There is a saying (and I don't
know if it is very common) that goes, "If
you don't make the call, someone else will."
I don't think that's always the case, nor is
it the worst thing that could happen. The worse
thing that could happen is that NO ONE will
make the call, and your prospect's needs, which
are often very important, will go unfulfilled.
Of course, this is approaching
it not from your persepective, but that of your
prospect's.
Nevertheless, some of the
most seasoned sales professionals will admit
that they have occasionally suffered from call
reluctance--a basic hesitation to pick up the
phone and dial prospects. It leads to opportunity
leads going cold, time and resources wasted
on preapproach letters that we send out but
never followed up, and ultimately, lost sales.
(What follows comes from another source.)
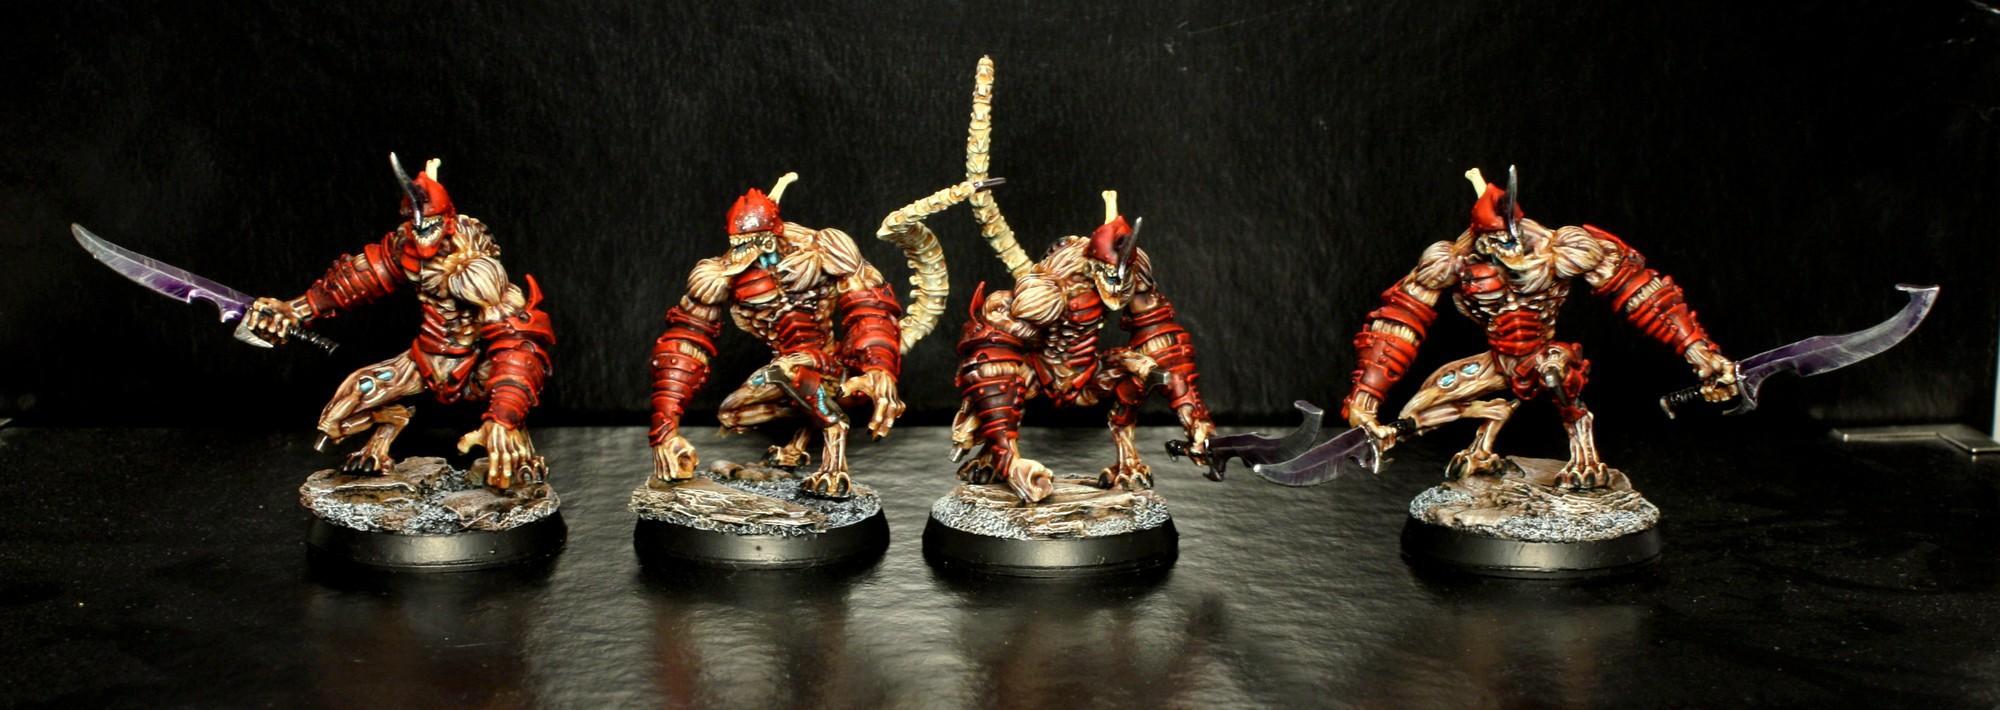 Clone, Confrontation, Dark, Eldar, Grotesque, Key, Nemesis, Red

More importantly, however,
is how it leads to people whose lives are never
positively impacted by what we could have done
for them.
Case in point: I am an insurance
advisor with Principal Financial Group, and
a few weeks back was sitting across the kitchen
table of two new clients, "Mike and Sarah".
Mike is a working professional and Sarah stays
home with their three children. We had just
completed a review of their risk management,
and taken their applications for some additional
life insurance. It had been a concern for Sarah
for some time--given that there was not enough
protection from Mike's work insurance should
something happen to him.
When Sarah acknowledged that
she felt much better that this problem was being
addressed, I asked her to consider who else
she knows who might benefit from having a conversation
with me. She had indicated one friend who had
inquired about our previous meeting...but at
the same time, did not believe in "giving
out people's names and numbers."
Indeed, I agree. I didn't
want anyone's name....I was seeking an introduction.
If I place a call to someone, I want them to
be anticipating it. That warms the recipient.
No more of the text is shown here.